2. Have the breath make a sound
Using props:
• Flutes
• Trumpets
• Whistles
• Slide whistles
Using your body:
• ‘Om’ing
• Humming
• Snoring
• Yawning
• Sighing
• Sneezing
• Dog’s breath
• Lion’s breath
• Bee’s breath
• Snake’s breath
• Elephant’s breath
• Bunny’s breath
• Horse’s breath
• Car breath
• Train breath
• Whistling (or trying to!)
• Darth-Vader breath (like Ujjai)
And one more…
• Waves breath: block your ears with your fingers or thumbs and listen to the sound of your breath. It sounds just like waves in the ocean. When you breathe in, the waves come closer, and when you breathe out, the waves withdraw back into the ocean.
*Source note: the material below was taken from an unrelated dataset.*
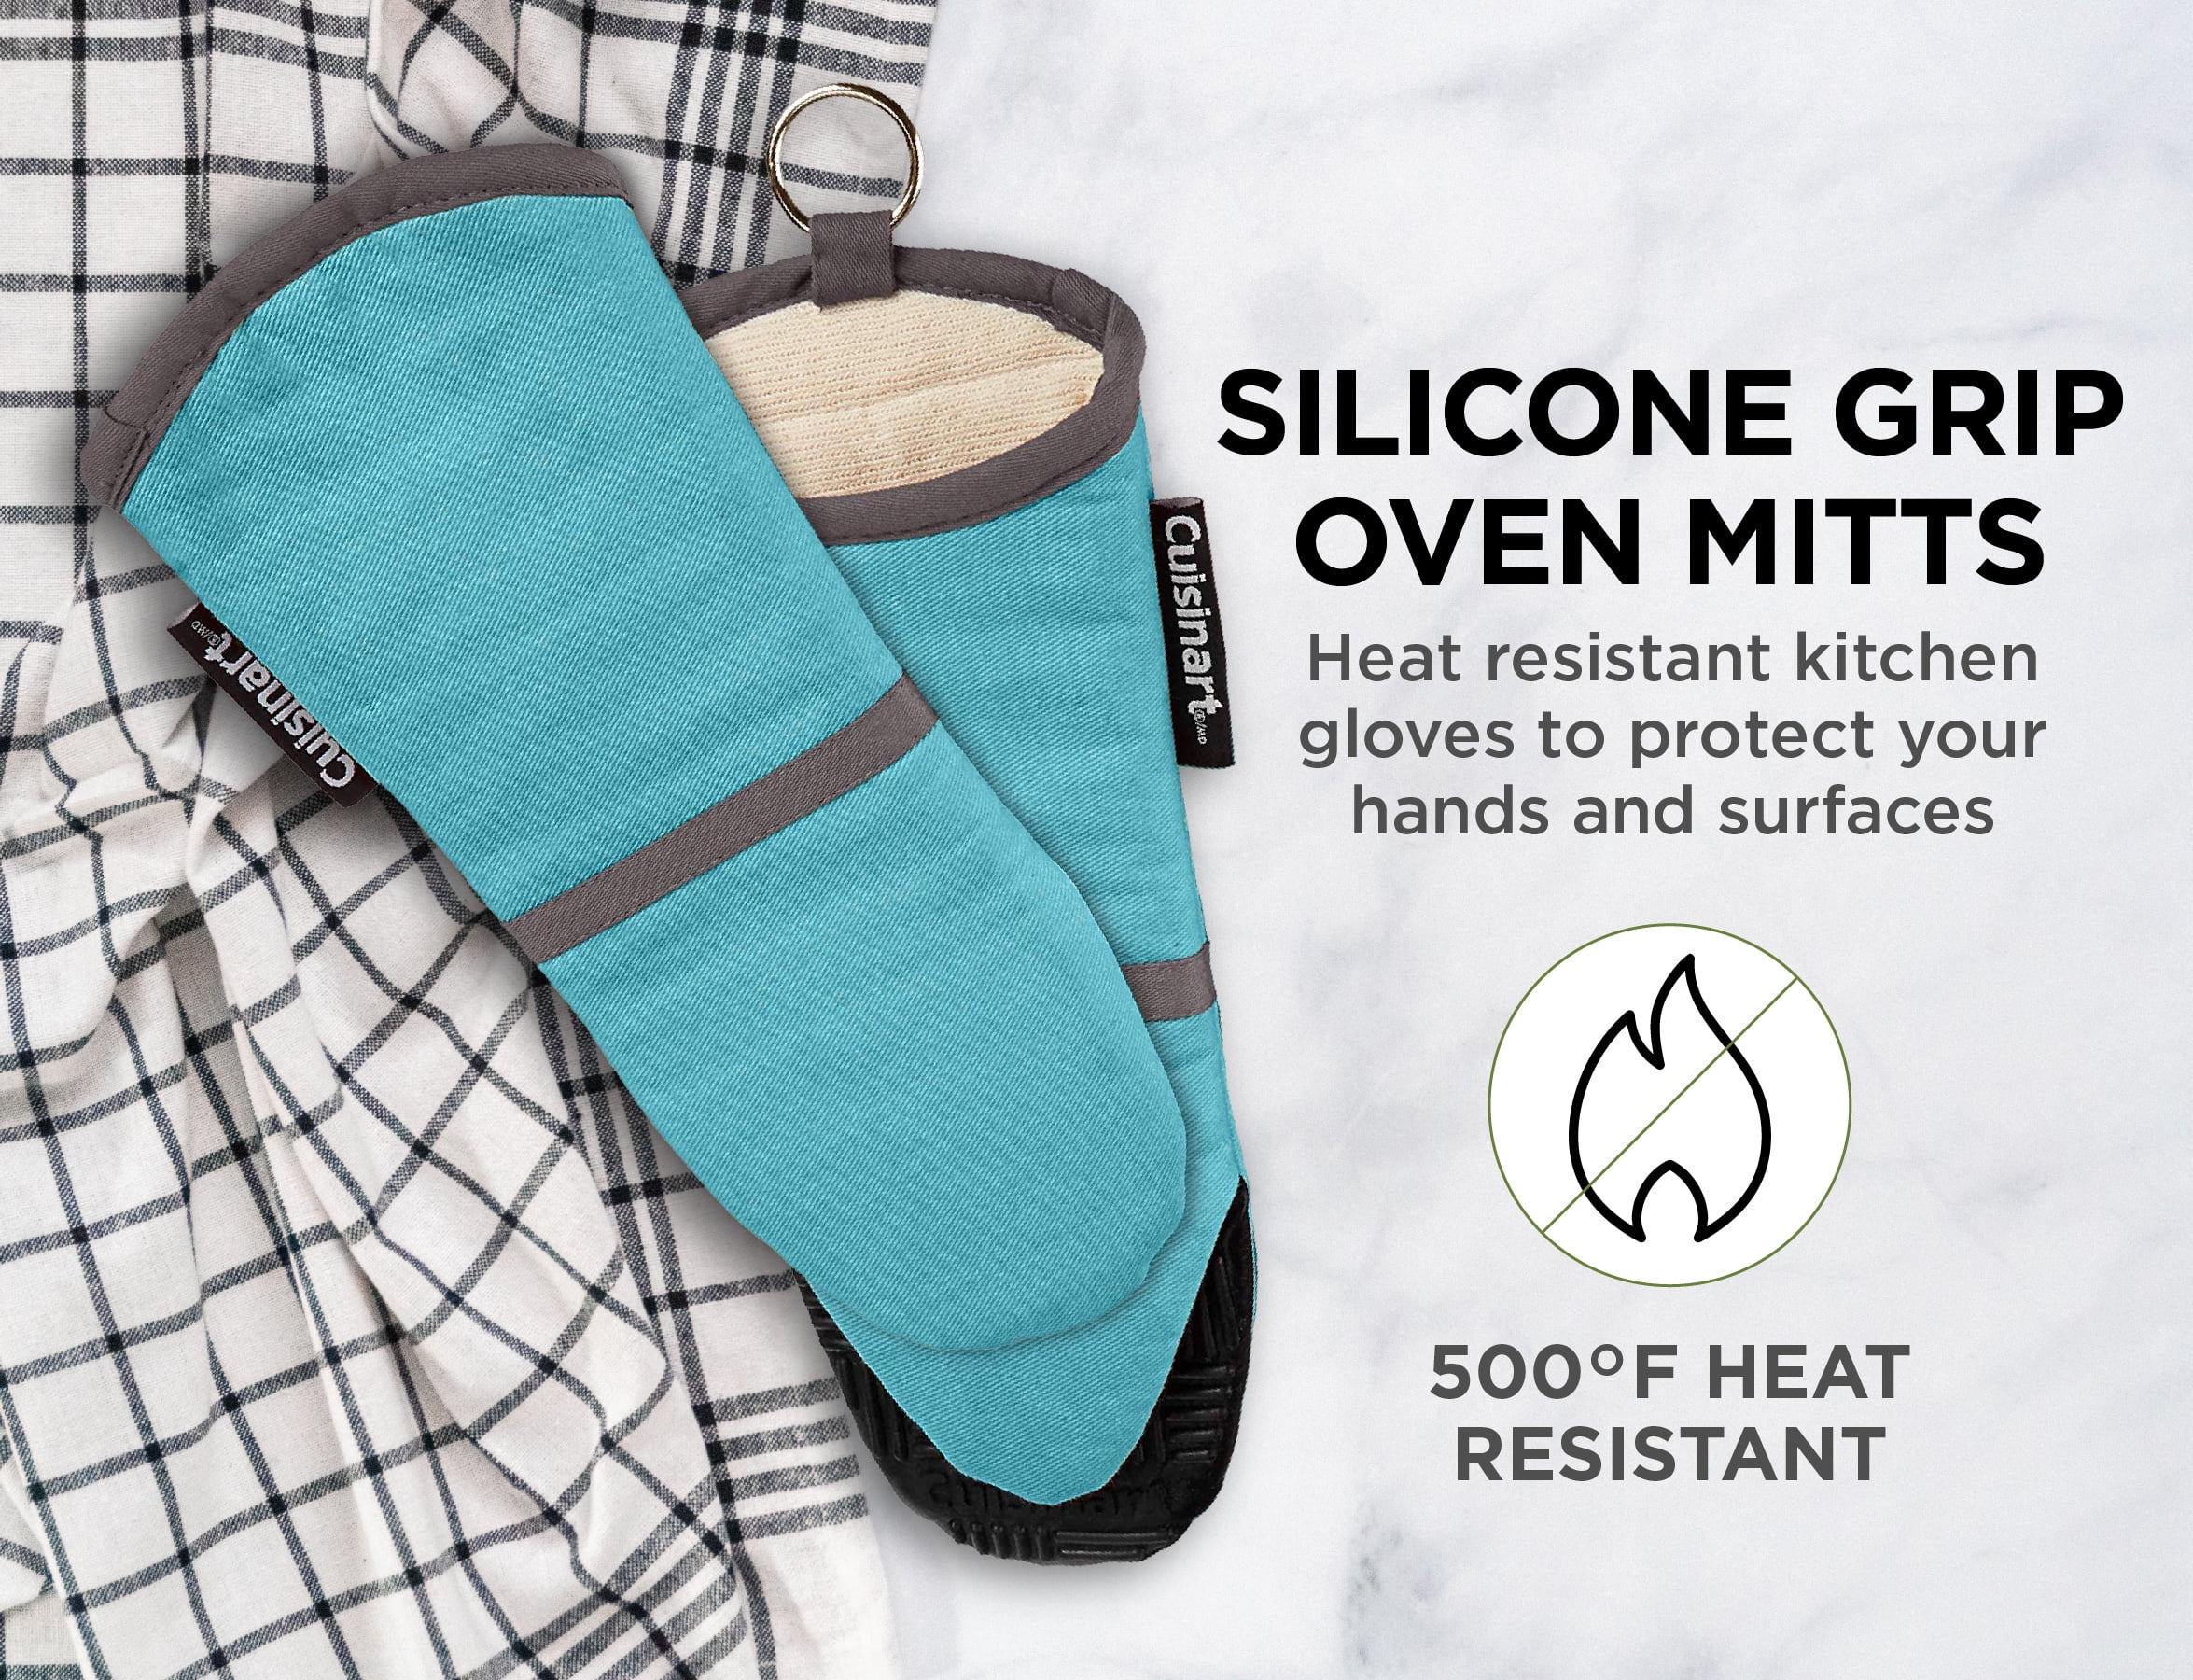 Pack of 2 Mitts Soft Insulated Deep Pockets Green Cuisinart Silicone Oven Mitts / Gloves Non-Slip Grip and Convenient Hanging Loop Heat Resistant Handle Hot Oven / Cooking Items Safely

3. Have the breath move something
• Scarves, a sheet of paper or newspaper: blow on it holding it in front of you, blow it up in the air, blow it to each other in pairs.
• Ping pong balls breath pass: in front of each other or in a circle pass the ball using your breath – use straws to help little kids create the right shape to blow with their mouth.
• Cotton balls distance breath: how far can you blow the ball? Compete against yourself bettering the distance every round.
• Cotton balls across the room: compete against yourself trying to bring the ball across the room with fewer breaths every round.
• Feathers: make them move using your breath. Try blowing from your mouth, or nose (it’s easier with one nostril blocked), or blow them up in the air.
• Fly, little bird, fly: organise the children into groups of three. Give each group a long piece of string, and a paperclip with paper attached to it for wings. Two of the students will be standing trees, holding the string across the classroom. The other is the wind. Thread the bird onto the string. It’s the wind’s job to blow the bird from one tree to the other.
• Suck it up: inhale through your mouth to draw your hand closer to your lips until it is totally sucked in against your mouth. Stay here for a short moment and then forcefully blow it away from you.
Practice with other body parts such as your shoulder, knee or leg, or even suck in and blow away your friend’s body parts or their whole body from across the room!
4. Combine the breath with movement
• Angel’s breath: start with your arms by your sides. When you inhale, lift your angel wings (your arms) up, and when you exhale bring them back down.
• Washing machine breath/Helicopter breath: place your hands on your shoulders and start twisting your upper body from side to side. Breathe in as you twist to one side and breathe out as you twist to the other side.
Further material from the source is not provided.